Is it possible that developers have been delegating/neglecting their marketing function a bit too much and unnecessarily, to the point of losing control over the value generated?
A while ago I had the chance to listen to an interesting presentation given by Greg Speakman, the VP Marketing of Sierra Wireless. Part of the presentation was about the difficulties of marketing something that is essentially a consumer electronic product through a B2B channel. Since they did not have the marketing budget to reach the consumer, their lifeline was their business partners like AT&T, who included Sierra Wireless products in heir own offerings. Thus, they were focused on marketing to such partners. I remember him saying how he wished they could make the consumer demand a Sierra Wireless product specifically. If their brand name was strong enough to influence a purchase, then they would have significantly more bargaining power in their deals with business partners.

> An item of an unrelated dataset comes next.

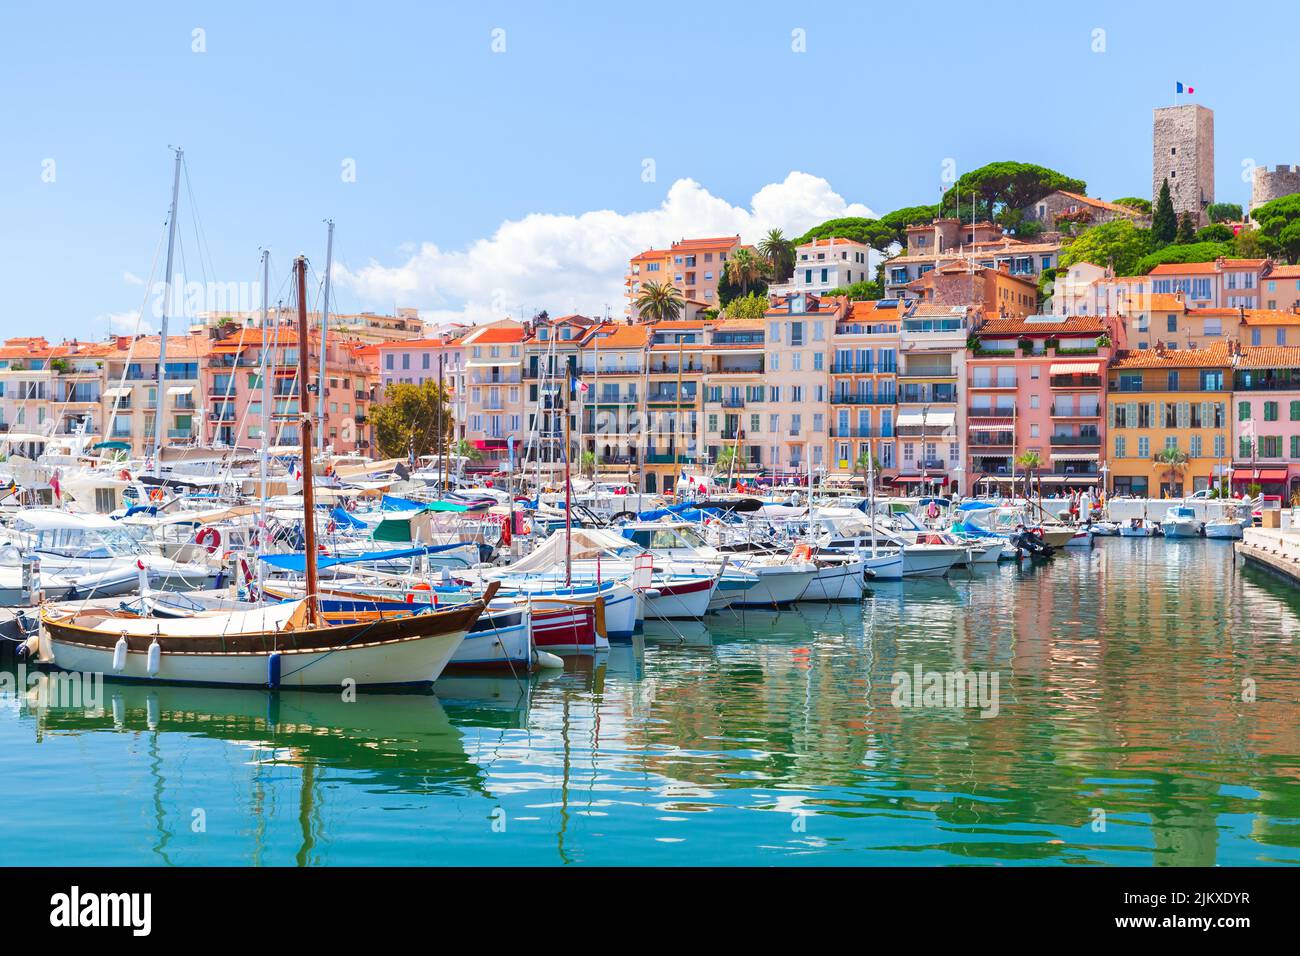 Vista del puerto deportivo de Cannes en un soleado día de verano, paisaje costero con yates amarrados y casas de colores en un fondo. Francia Foto de stock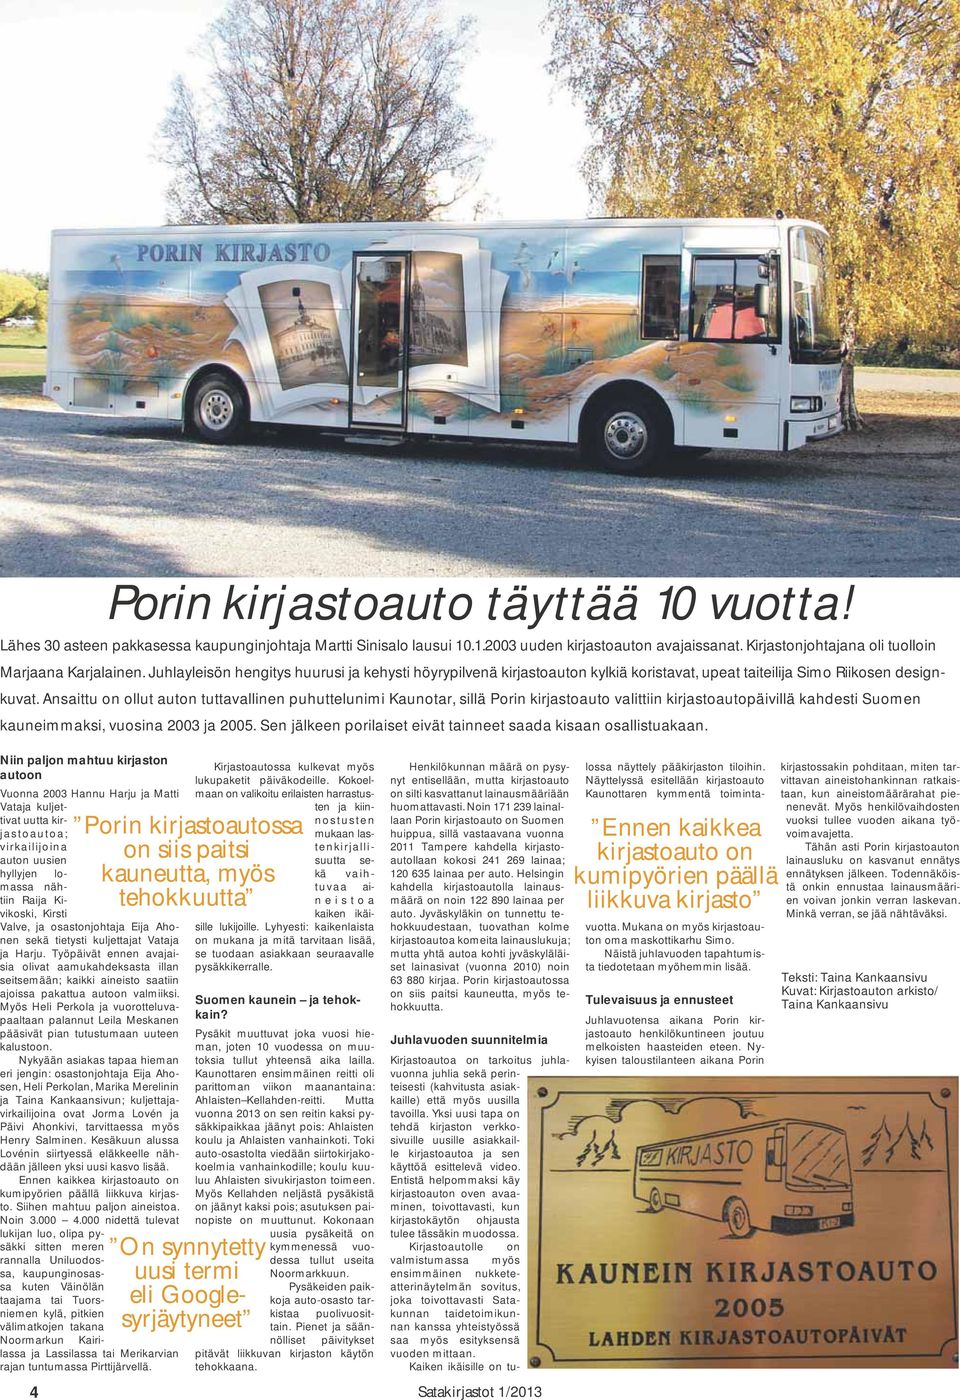 Ansaittu on ollut auton tuttavallinen puhuttelunimi Kaunotar, sillä Porin kirjastoauto valittiin kirjastoautopäivillä kahdesti Suomen kauneimmaksi, vuosina 2003 ja 2005.

Their situation has a striking similarity to the relationship between game developers and publishers. A video game is essentially produced for the consumption of individuals. Yet a developer does not sell the game to the consumer directly. They sell to the publisher. In this relationship, the publisher is the heavily dominant party because:
- they have the money
- they lay claim to the IP
- they take most of the revenues
- they put their own brand equity before the developer's
At the end of that presentation from Greg Speakman, I had to ask him whether they had ever considered low cost B2C marketing campaigns through e-marketing. I was pretty surprised when he admitted that no, it had never crossed their minds.
It was surprising because that was a notable company in the high-tech communications business, yet they had completely forgotten about a powerful communication channel like the internet. It is the same surprise I have, when companies on the cutting edge of new media and content creation tend to underestimate their own reach to the consumers, and blissfully hand over their marketing functions to other parties.
"Oh no, we don't do marketing," says the game developer happily. "Let the publisher spend money for that, we can't be bothered with marketing on top of everything else."
I suspect the publishers are even happier for the fact.